The narrow focus in this race on suburban and rural ridings could help to explain the heavy emphasis by both the PCs and the NDP on demonstrating their so-called “tough on crime” and “public safety” credentials. During only 16 days of July’s “pre-election period,” the PC government announced a combined $35.1 million in spending on police in Manitoba, including $10 million for “downtown safety” in Winnipeg. The party has also once again ratcheted up its personal attacks on Kinew, who is Anishinaabe, through prolific bus bench advertising featuring an image of notorious Winnipeg cop Rejeanne Caron claiming that “under Wab Kinew, violent crime will only get worse.” These efforts have been culture-jammed and interpreted as desperate moves to distract from the party’s devastating record on underfunding and crippling health care and public services.

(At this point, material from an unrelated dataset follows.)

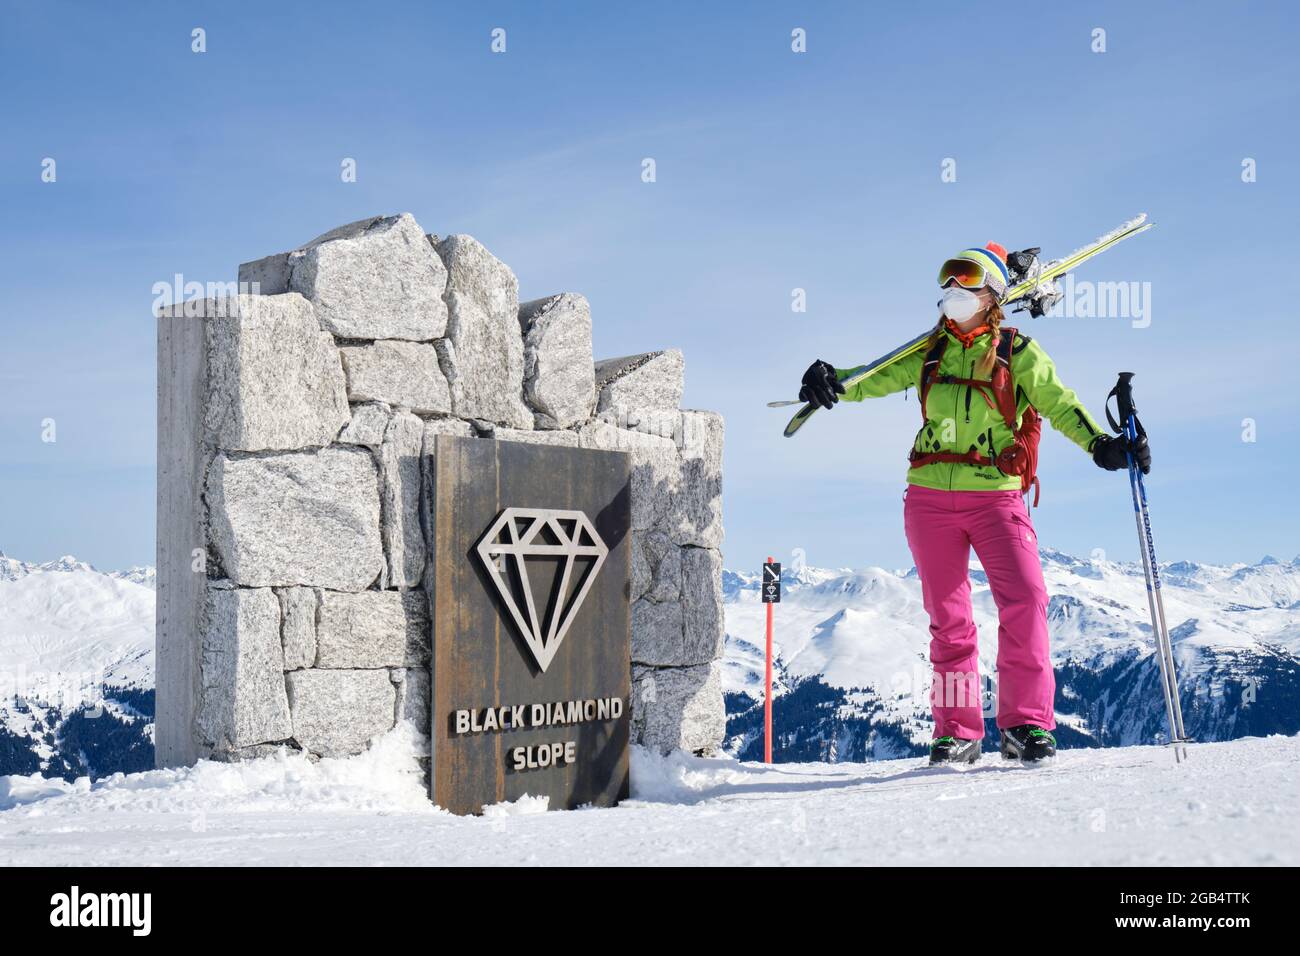 Black diamond ski slope hi-res stock photography and images - Alamy

The NDP has also embarked on a “tough on crime” campaign, and put forward several conventionally right-wing pledges like balancing the budget and temporarily suspending the gas tax (the latter of which was celebrated by the pro-business Canadian Taxpayers’ Federation). Like with the PCs, this orientation is not new, but it has been surprising to some supporters of the NDP who haven’t been students of their record on criminal justice spending.
While in power between 1999 and 2015, the NDP oversaw a massive jail-building spree, fought for mandatory minimum sentencing, and ballooned provincial funding of police and jails. Since then, in opposition, the party has opposed jail closures, supported cops in liquor stores, and rejected calls to cut police funding. Even the party’s slogan for this issue—“Tough on Crime and Tough on the Causes of Crime”—is regurgitated from previous campaigns dating back to 1997 and borrowed from the UK’s “New Labour” policies under Tony Blair.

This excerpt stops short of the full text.